We gazed west down the gorges and over clusters of lower peaks to the Lachen valley, then back east over the border to the peaks of Bhutan. To our north-east the border peaks filled the skyline, their southern faces plastered in monsoon snow, but their north sides, dropping to the Tibetan plateau, dry and rocky. Our descent proceeded smoothly and by 12:30 p.m. we regained the tents. There was no urgency. We could drink, eat and relax knowing that tomorrow our only task was to get kit and bodies down off the glacier and back to base.

At 5:00 a.m. on 11 October a pale light filtered through my tent wall. I stirred from sleep feeling remarkably warm and insulated despite lying alone in our single-skin bivouac tent. The explanation soon dawned. The tent was coated with two-inches of fresh snow. Peeking outside I estimated there were six inches of snow on the ground. The enveloping white-out promised more of the same. Safety lay a thousand metres down in the forests of Yumthang. Could we but hope that the porters would come up to the glacier snout to help us? I dressed, booted-up, packed sack and then dismantled my tent from the inside. Dave produced a mug of hot Tang. The usual cheery Yorkshire gossip dwindled when the girls deflated their airbeds. A grim day began. We were on our own until we could quit the glacier. Six wayward sexagenarians with 20 kilo loads wallowed and occasionally tumbled in knee-deep snow for three hours. Above the glacier snout, when close to despair, I yelled into the mist. Faint voices replied. Our three porters had come!

Five hours later we laid down sacks down at the road and shared hugs of happiness with Carl, Naveen, Binodh and porters. Mugs of chai were followed by a late lunch of paneer, rice and chips. Camp was dismantled within an hour. There’d be no multi-day walk out for us! We were promptly bundled into jeeps for an evening drive down to the bright lights, cold beers and hot water of Lachung.

“Don’t gossip, let him drive”, and “If you love her, divorce speed”, advised the signboards as we rode the serpentine descent. We could not help but smile and gave thanks to BRO.

Summary
Martin Moran describes two climbs in 2018 at opposite ends of the Himalaya the common thread being that both were easily accessed by motor roads hence he calls them ‘ India’s new road-side summits’. The first peak is Zanskar’s Marriage Peak – Martin reached Pensi la from Lamayuru in 12 hours whereas earlier it would have been a four-day trek. The walk from here to base camp was four hours. The second is Brumkhangse 5635 m – a Sikkim gem which has become accessible, thanks to a motor-road access to its base camp.

About the Author

MARTIN MORAN is one of Britain’s most experienced mountain guides and the author of several mountain books. He has achieved many ‘firsts’ in exploratory mountaineering and major mountain traverses, including the first and only completion of Scotland’s Munros within a single winter and in 1993 the first continuous traverse of the 4000 metre summits of the Alps (75 peaks in 52 days), a time as yet unsurpassed.

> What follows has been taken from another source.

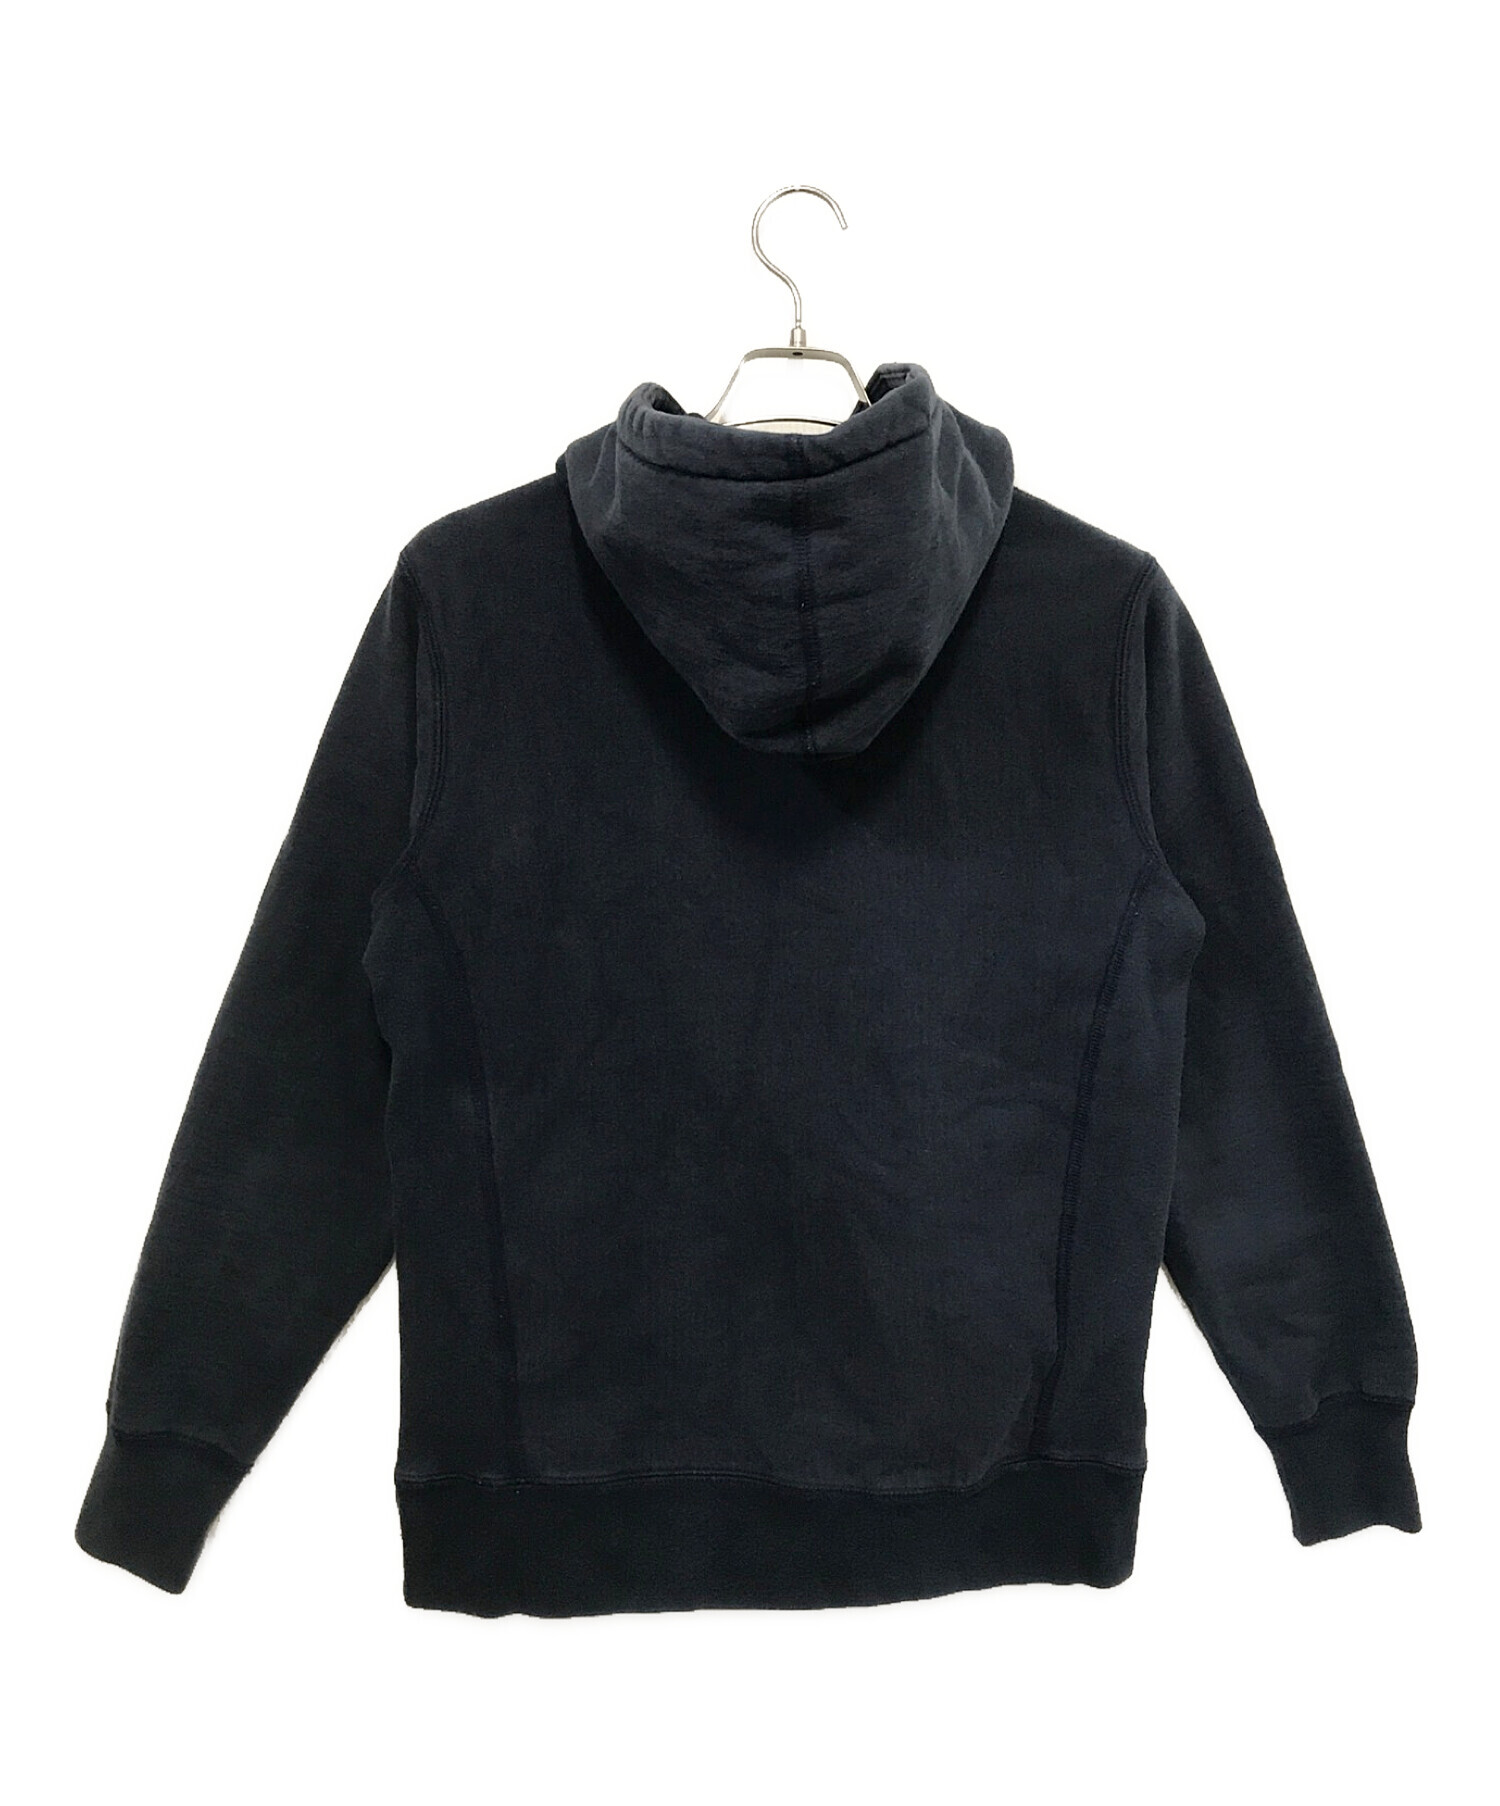 SUPREME (シュプリーム) Metallic Arc Hooded Sweatshirt / メタリック アーク フード スウェット シャツ  ネイビー サイズ:S
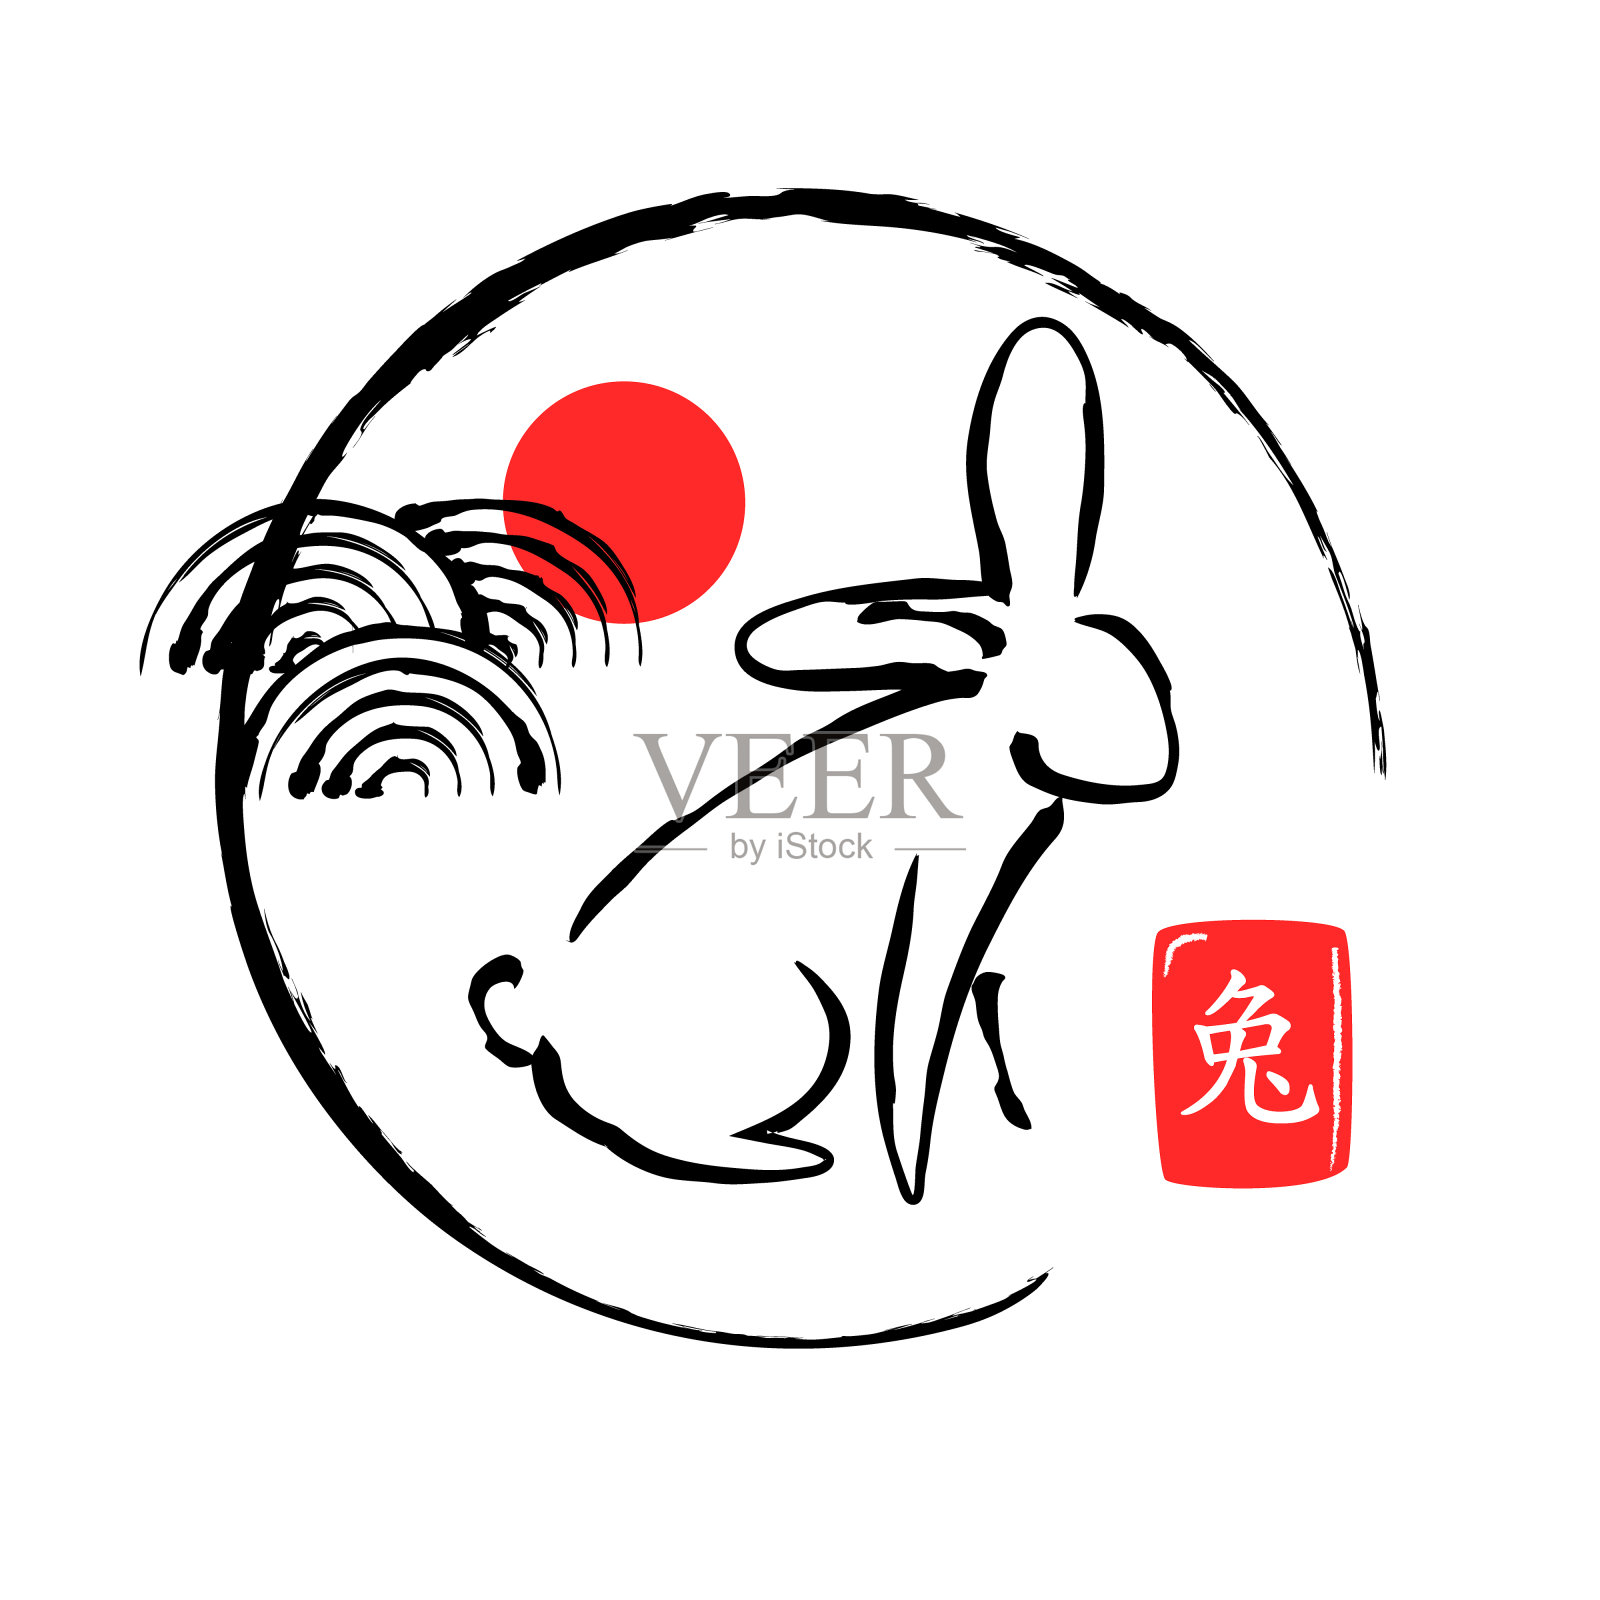 节日贺卡上有兔子、波浪、阳光。矢量插图在中国书法风格。设计元素图片

Martin has a special passion for the Indian Himalaya and has made over 25 expeditions to the Uttarakhand, Himachal and Kashmir ranges—most of them as a mountain guide, and most with pioneering objectives. His first ascents include Nanda Kot South Face, Changuch, Nilkanth West Ridge and several peaks in the Adi Kailash range and an attempt on the unclimbed NE Ridge of Nanda Devi East in September 2015.


On 26th May 2019, Martin Moran and seven other climbers died on Nanda Devi East, one of his favourite mountains.

Martin will be missed at the Himalayan Journal for his prolific and timely contribution every single time he covered new ground in the Himalaya.

His last mail to me before he left for this expedition was a beautiful tribute to his friend Andy Nisbet.

Proud to have known you Martin!

Ed

Footnote

  1. A musical signal played to awaken soldiers in the morning.